CC: I never set out to make a film. When my sisters invited me to spend Thanksgiving 2001 with them in Kentucky, I decided to bring along a small camcorder. It was only after I arrived that I learned my father would also be there. This would be the first time I'd seen my father in 15 years. I'd always imagined that after all this time, I'd confront him for what he did to my sisters. But when he walked through the door, I watched my sisters, their kids and neighbors warmly greet this man, laugh at his pithy remarks and cater to his every need. It was absurd. Disturbing. And rather than confront him as I had always imagined, I was instead reduced to a terrified child, hiding behind the camcorder as my father's large torso filled the frame. 
When I returned to Boston, I felt like a coward, who failed to condemn my father and rally my sisters and neighbors behind this cause. But eventually, I came to understand that this is the story--the things my sisters, neighbors and I weren't talking about or confronting. From here I moved from wanting to indict my father and repair my sisters, to questioning why everyone was accommodating this man, who did these terrible things to my sisters. The way I'd always seen child molestation presented in the media was that you'd have the victim/survivor and the offender. Once the abuse was brought to light, the two would go their separate ways: the offender, banished to the margins of society, and the victim/survivor, set on a path of recovery or revenge. But never would the two voluntarily come back together and form a seemingly "normal" father-daughter relationship. I had to ask myself, "Why?"

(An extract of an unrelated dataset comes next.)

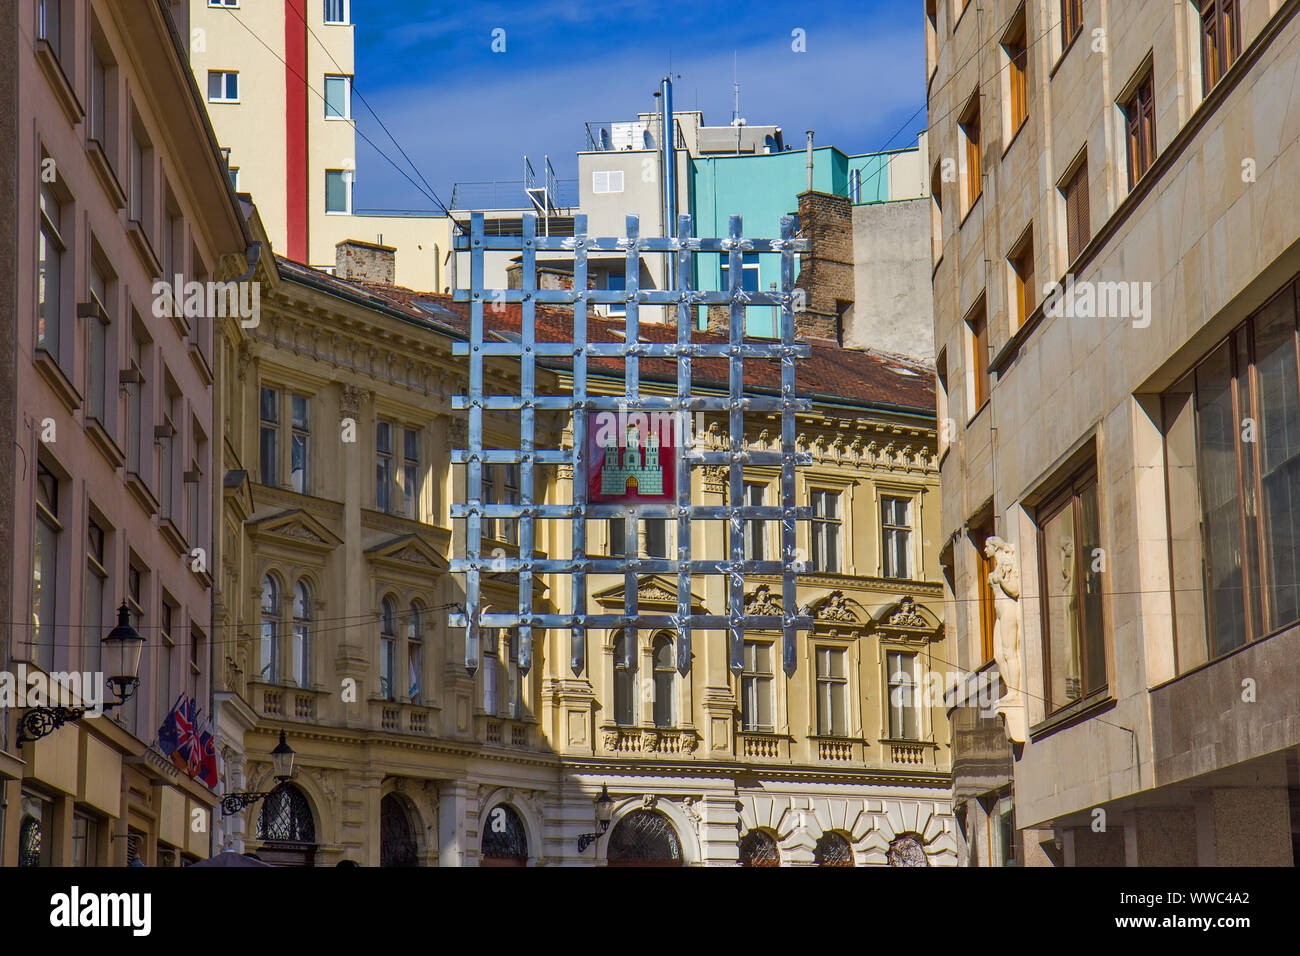 Coat of arms of the city - Street view of downtown in Bratislava, Slovakia Stock Photo

IDA:  As you've screened Family Affair-whether on the festival circuit, or in screening rooms, or in living rooms-how have audiences reacted to the film? What has been most surprising or unexpected about their reactions?

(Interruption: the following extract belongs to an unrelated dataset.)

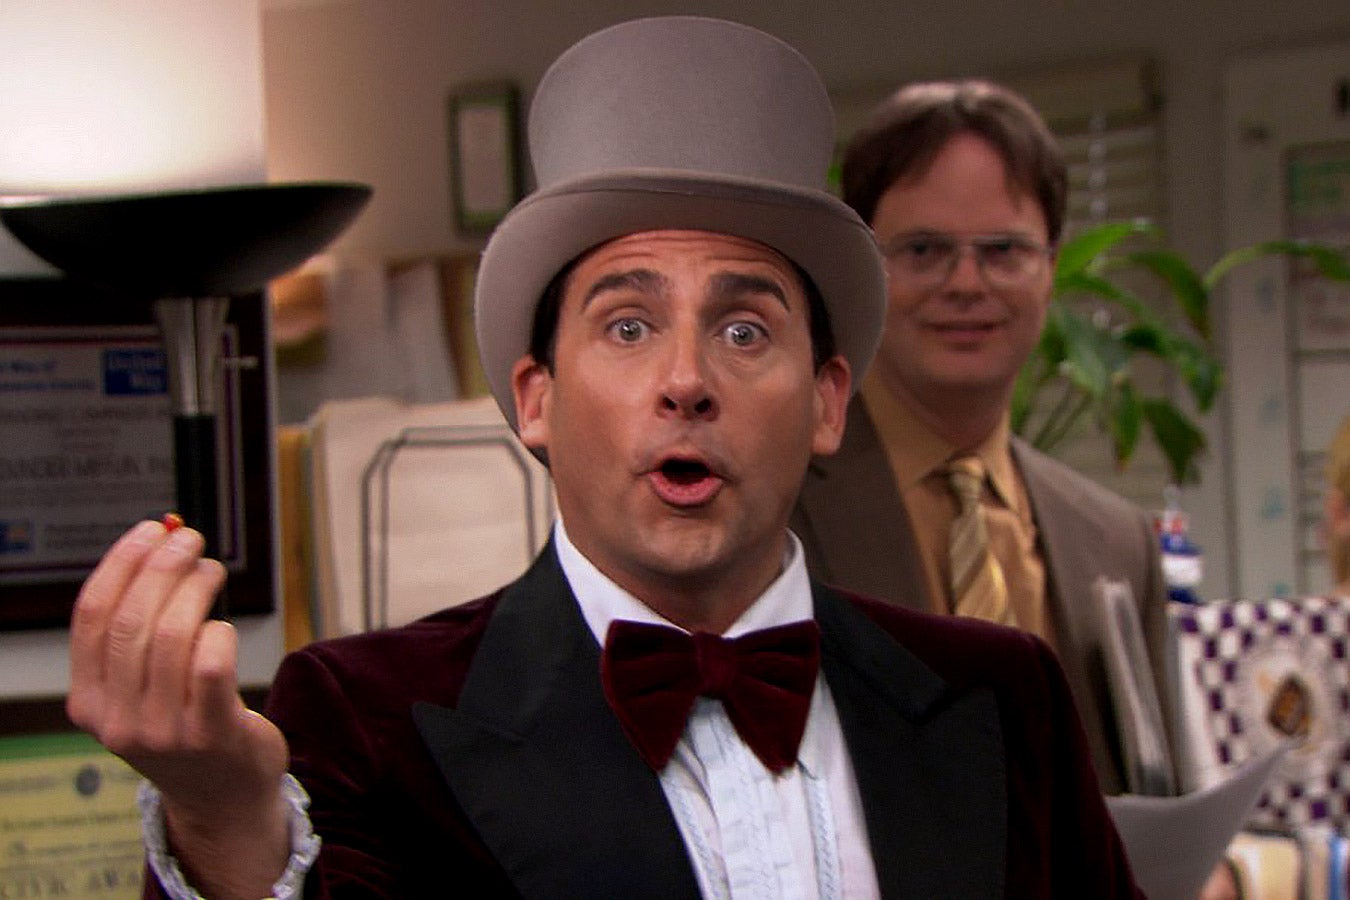 Steve Carell in The Office wears a bowler hat and bow tie.

CC: Inevitably, I encounter folks on the festival circuit who reduce this project to an "incest" film. While that assessment may be unavoidable, I believe that Family Affair is a story about making accommodations for parents, who have betrayed us in order to satisfy an eternal longing for family. What's been most unexpected is the overwhelming number of people who come up to me after a screening or later write to say that although they weren't molested as a child, they completely identify with this story and then begin to open up. While I don't hold myself out to the world as an expert in this area of trauma and recovery, nor am I always prepared to respond, I am humbled by the fact that this film is giving people permission to talk about their own family crisis.

IDA: What docs or docmakers have served as inspirations for you?

CC: Best Boy...Grey Gardens...A Boy's Life...Southern Comfort...to name a few.

Family Affair will be screening July 30 through August 5 at the Arclight Hollywood in Los Angeles and August 13 through 19 at the IFC Center in New York City.